Problem to work on ->
Once the images are set aside, print the remaining lines below exactly.

Source data ->
—————

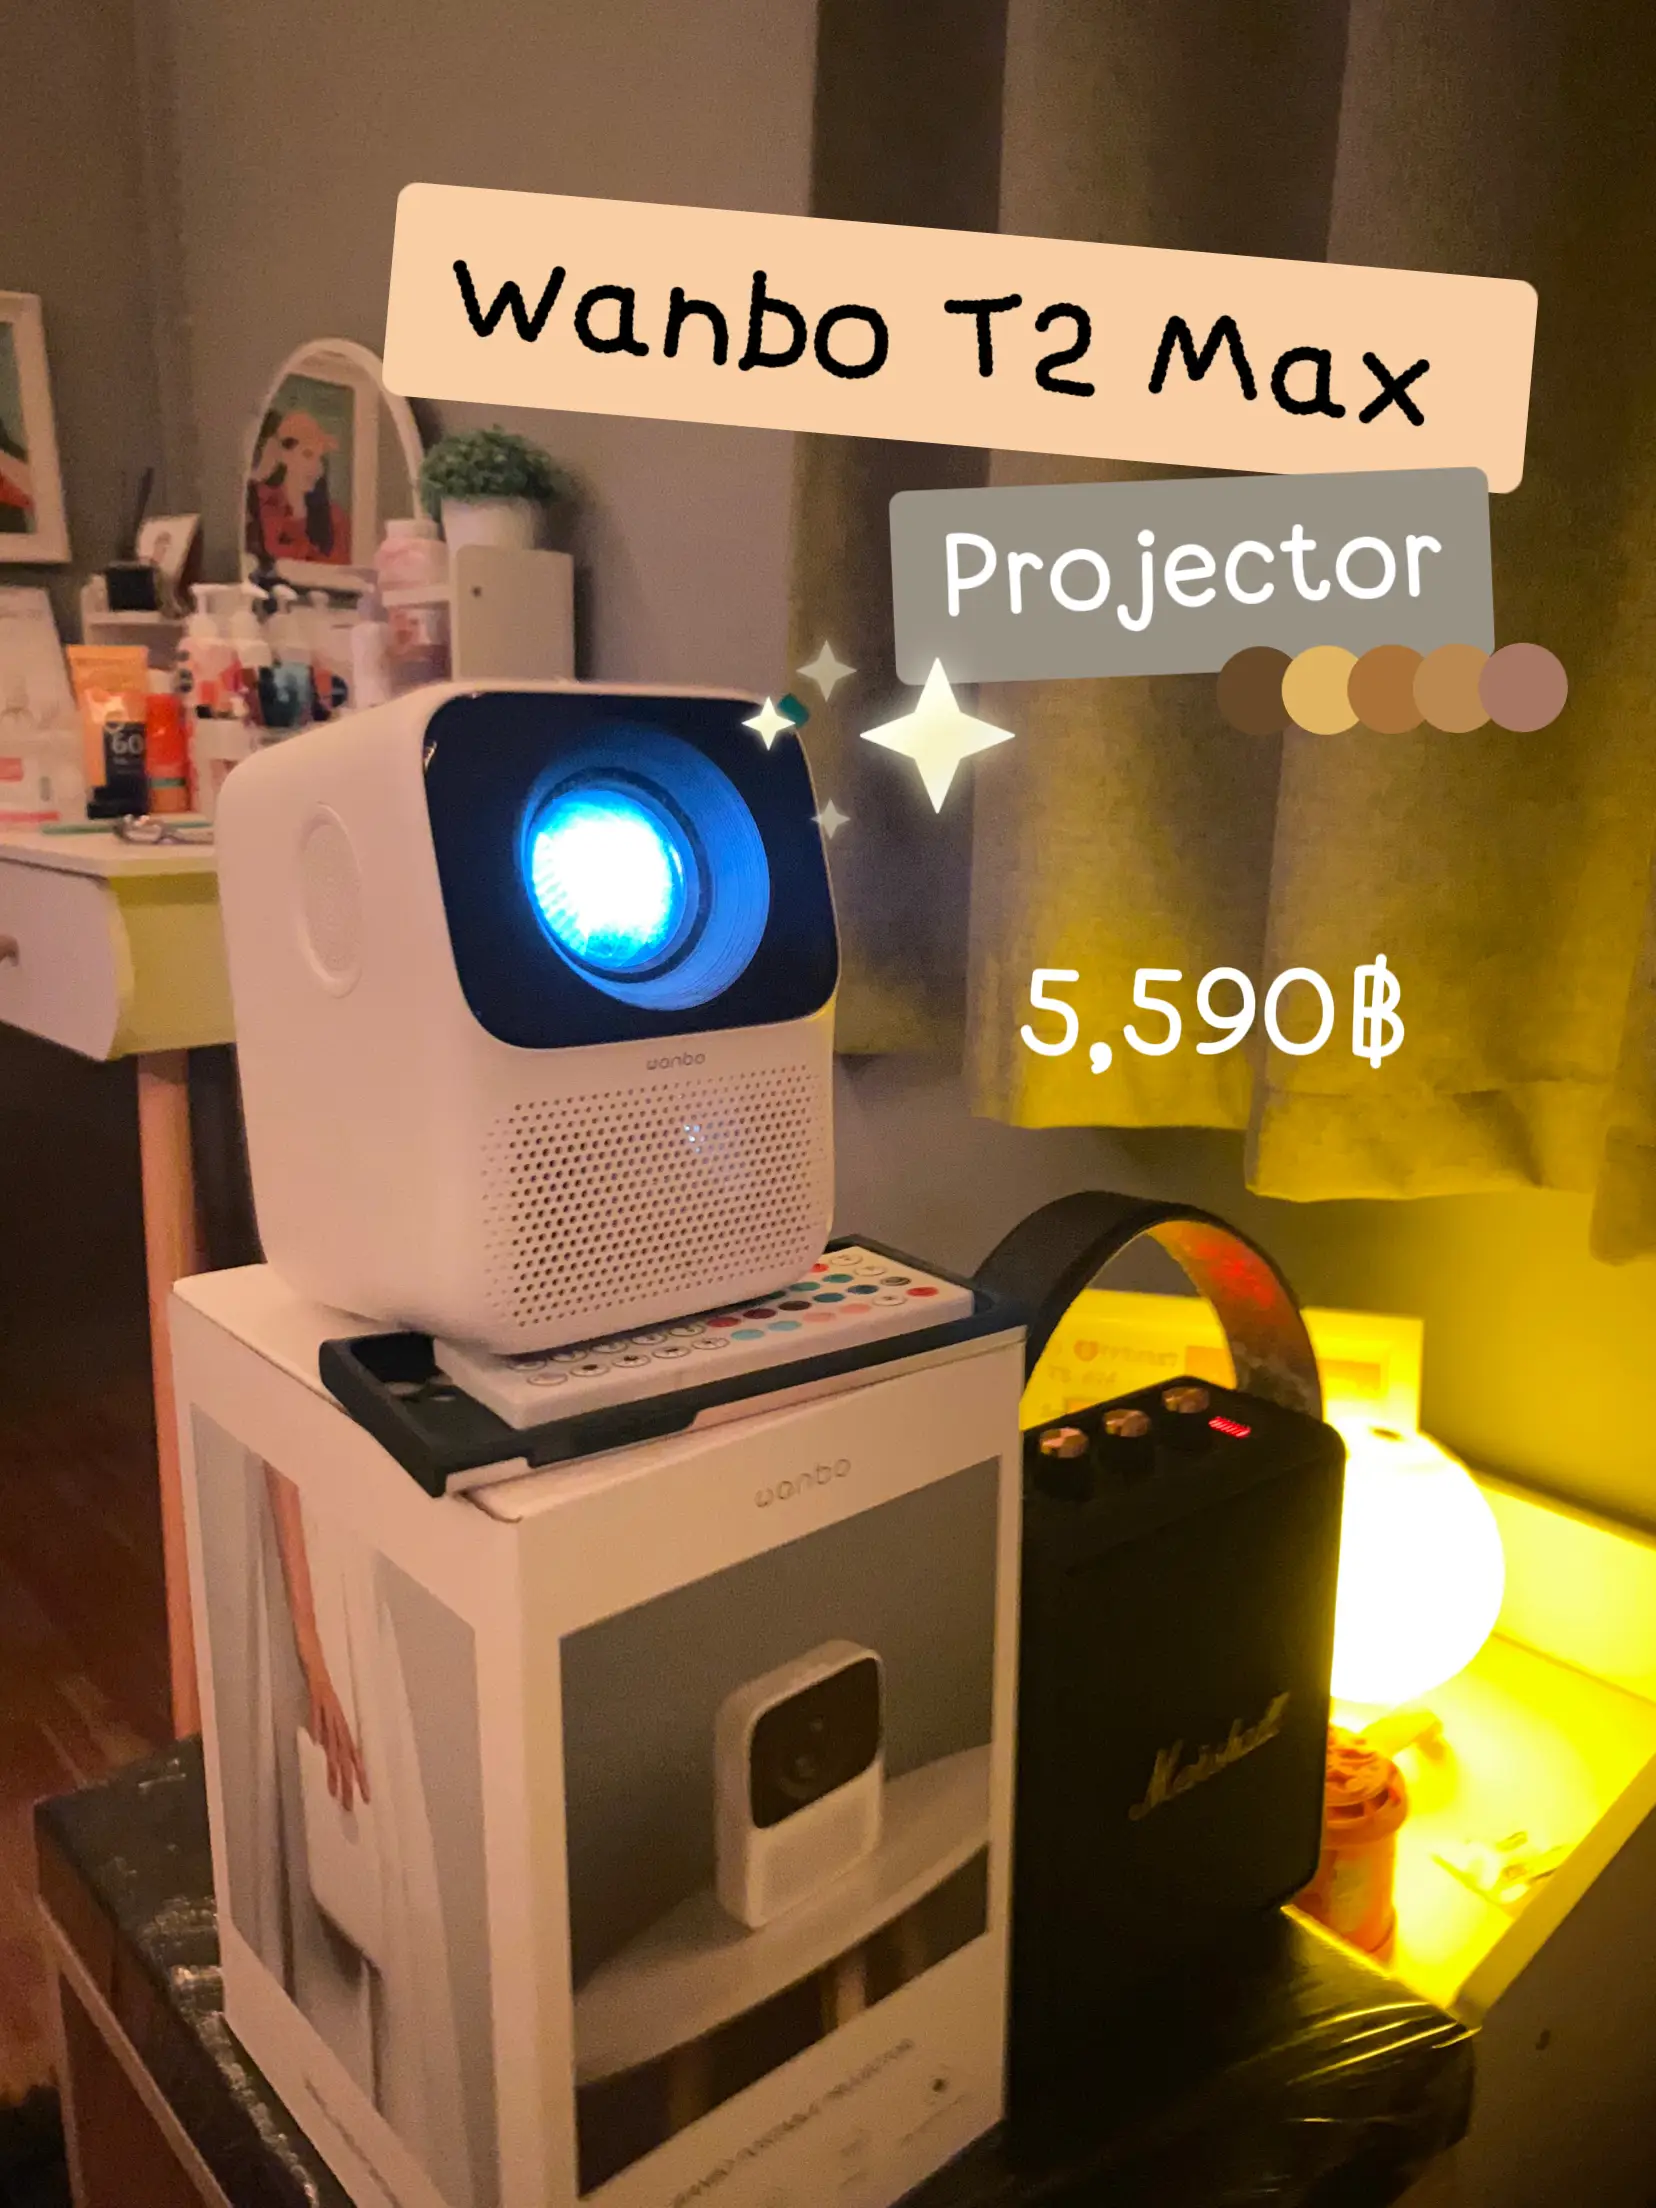 Wanbo T2 Max - REVIEW - HX MAGAZINE
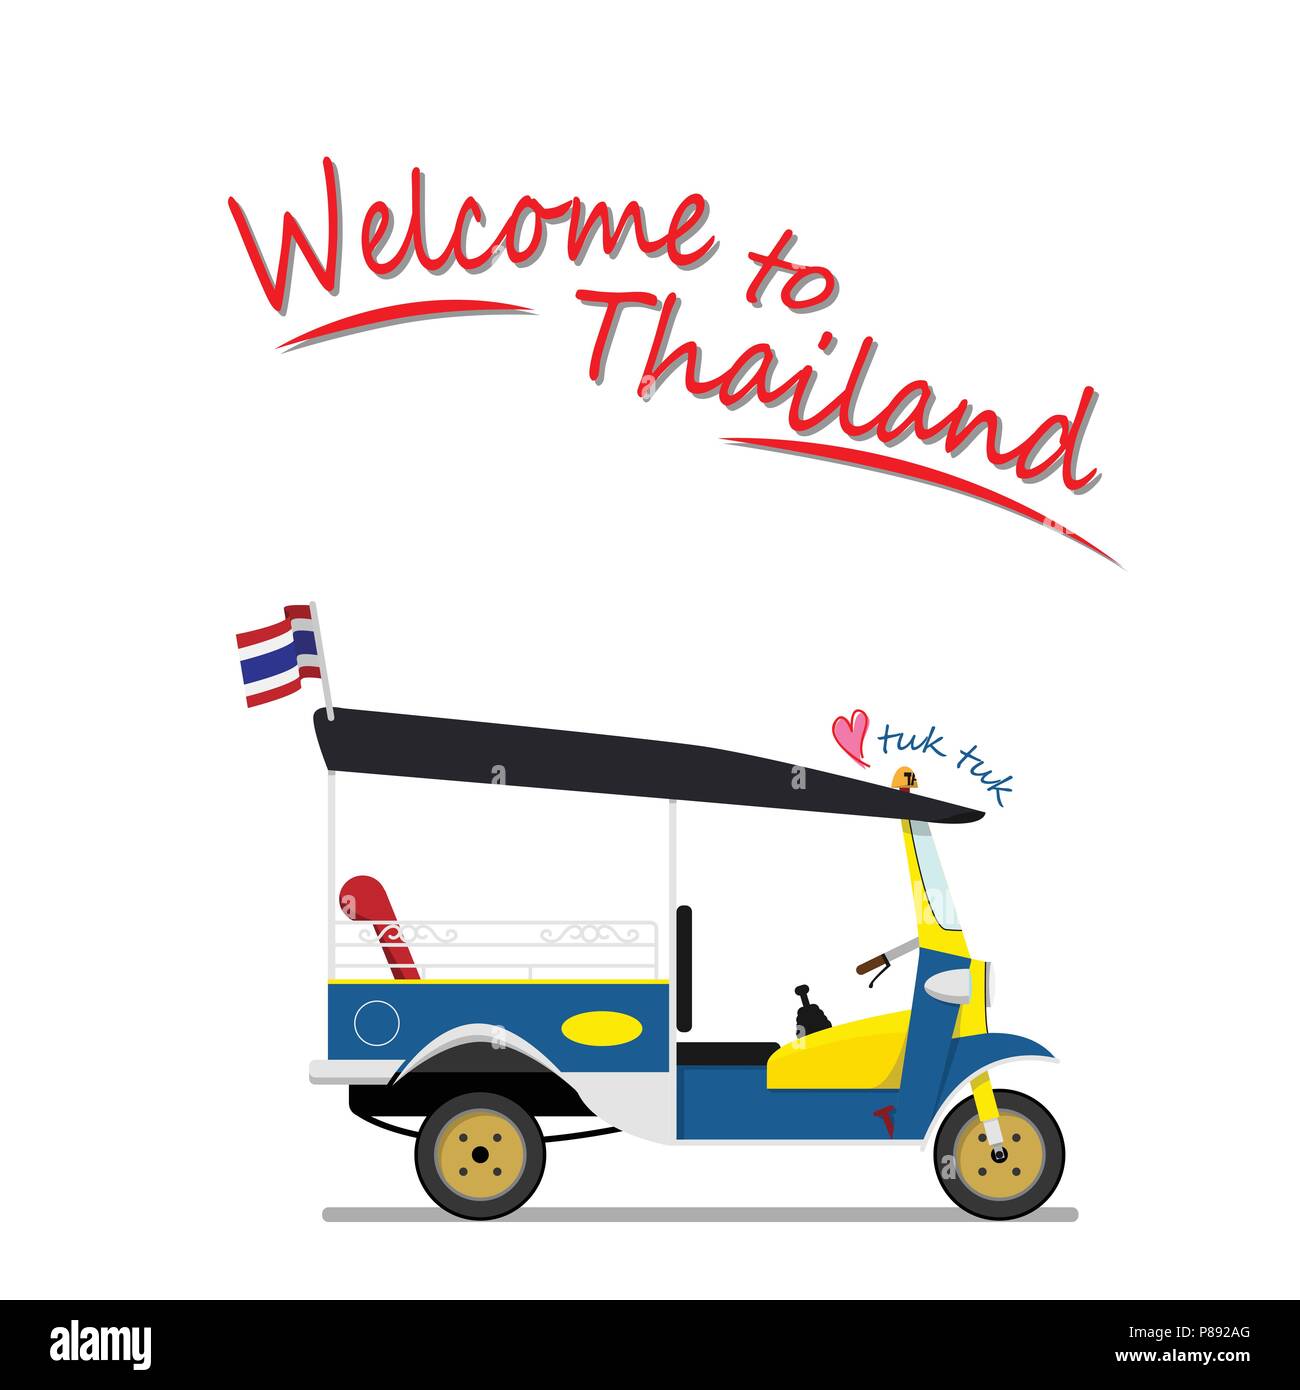 Tuk Tuk est un véhicule taxi local avec trois roues. ride tuk tuk est activité la plus populaire pour les touristes pour visiter l'attraction autour de Bangkok, Thail Illustration de Vecteur
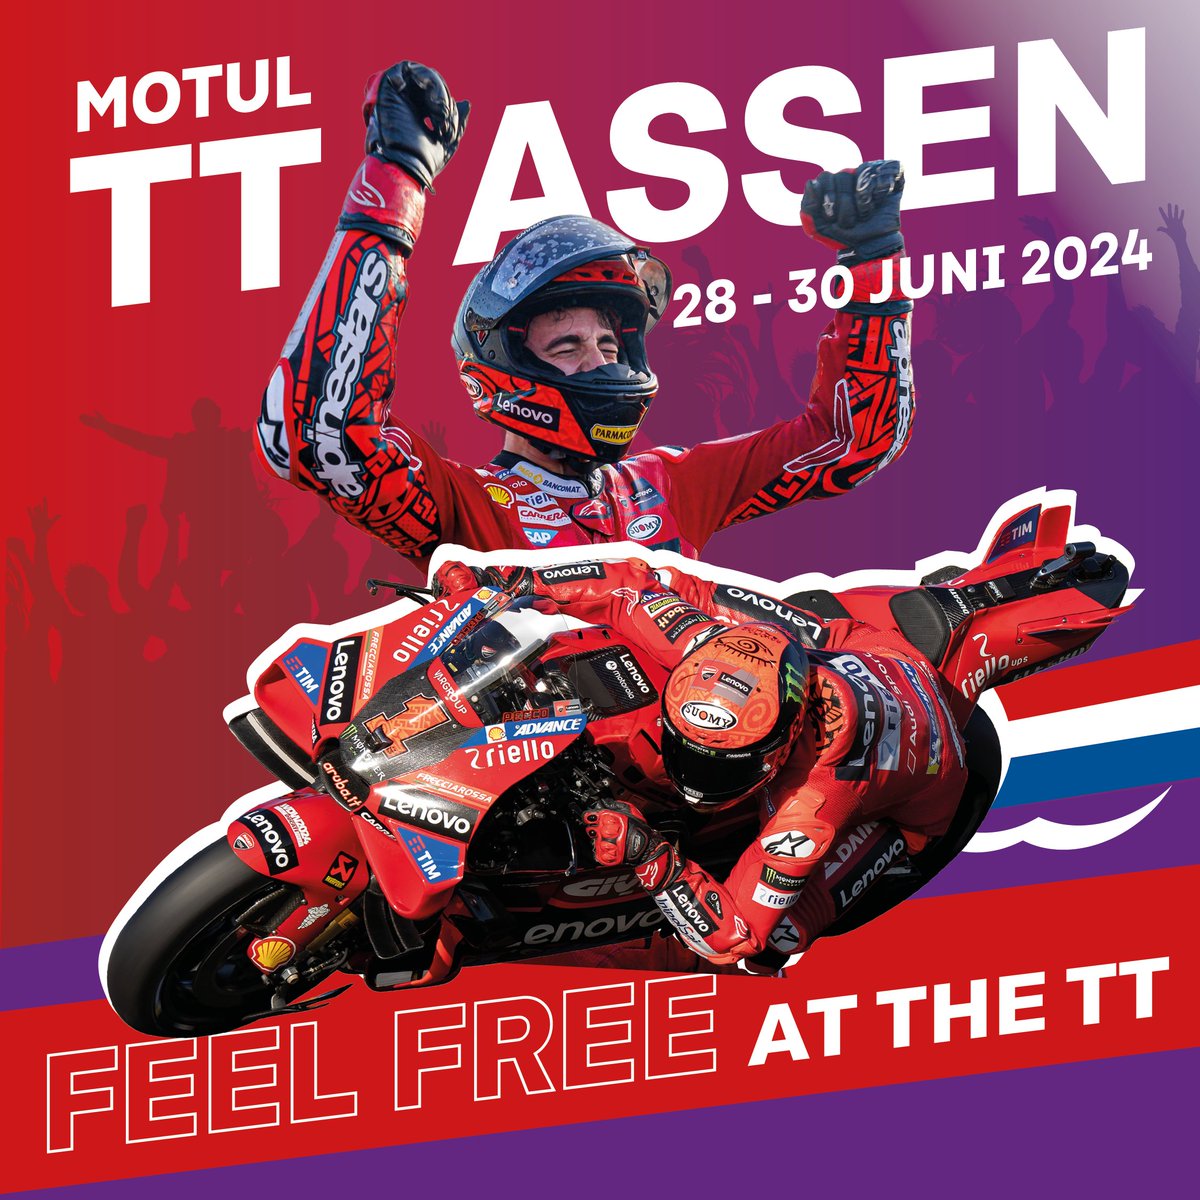 De GP van Jerez op tv, mooi moment om tickets te bestellen voor de TT! Check ttcircuit.com voor de beschikbaarheid per tribune #TTAssen

—————

Answer space ->
 Wanbo T2 Max - REVIEW - HX MAGAZINE
 Tuk Tuk est un véhicule taxi local avec trois roues. ride tuk tuk est activité la plus populaire pour les touristes pour visiter l'attraction autour de Bangkok, Thail Illustration de Vecteur
 De GP van Jerez op tv, mooi moment om tickets te bestellen voor de TT! Check ttcircuit.com voor de beschikbaarheid per tribune #TTAssen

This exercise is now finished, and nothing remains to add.